I have 365 tab delimitered csv files, all have the same data structure (same variable names) and the file names are like
exp20180101.csv
.......
exp20181231.csv
The data files contains both numeric variables and character variables, the observations of character variables are of different length but all are less than 50 characters.

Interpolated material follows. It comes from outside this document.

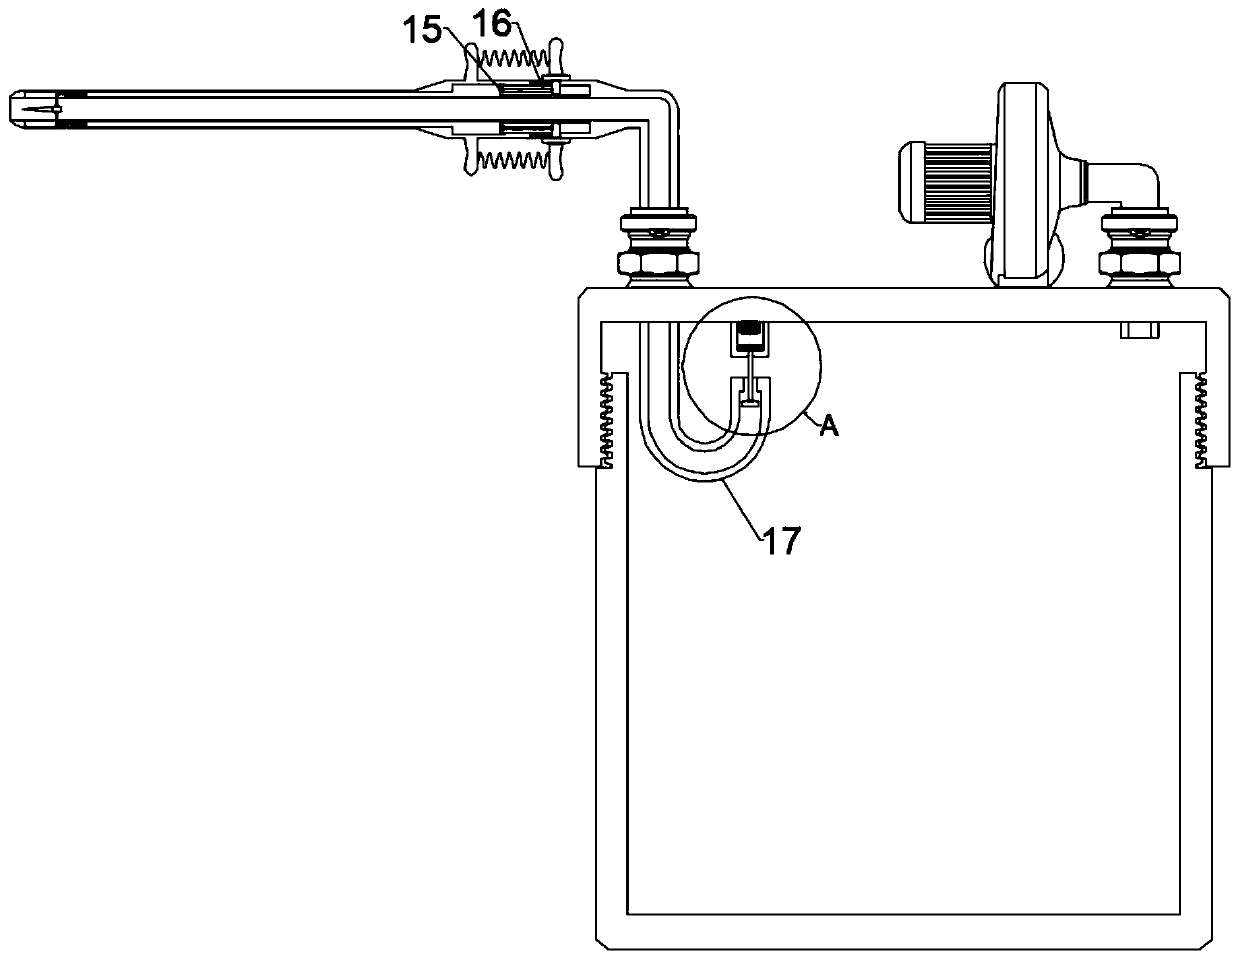 Drainage device for obstetric operation

I want to import and merge them into a single file. I searched this community and find a similar question. I use the codes they provide,but the infiled character variables are not correct.
data import_all;
*make sure variables to store file name are long enough;
length filename txt_file_name $256;
*keep file name from record to record;
retain txt_file_name;
*Use wildcard in input;
infile "F:\source data\*.csv" eov=eov filename=filename truncover dlm='09'x;
*Input first record and hold line;
input@;
*Check if this is the first record or the first record in a new file;
*If it is, replace the filename with the new file name and move to next line;
if _n_ eq 1 or eov then do;
txt_file_name = scan(filename, -1, "\");
eov=0;
end;
*Otherwise go to the import step and read the files;
input x1-x5 (x6-x25) (:$50.) x26-x45;
run;
can anyone give me some hints about what's wrong with my codes?
Thank you very much!
You forgot the DSD option on the INFILE statement. That will allow it to read empty values properly.
Normally SAS uses space as a delimiter. And normally space delimited files use extra spaces to make the columns line up.
Name Age Height
Alfred 14 69.0
Alice 13 56.5
Barbara 13 65.3
So SAS will treat 2 or more spaces in a row as the same on one space in terms or indicating the end/start of a word to read.
But with a real delimited file you use adjacent delimiters to indicate when a value is missing.
Name,Age,Height
Alfred,14,69.0
Alice,,56.5
Please post the first 5 (or so) lines of one of the infiles. Copy/paste into a window opened with the {i} button.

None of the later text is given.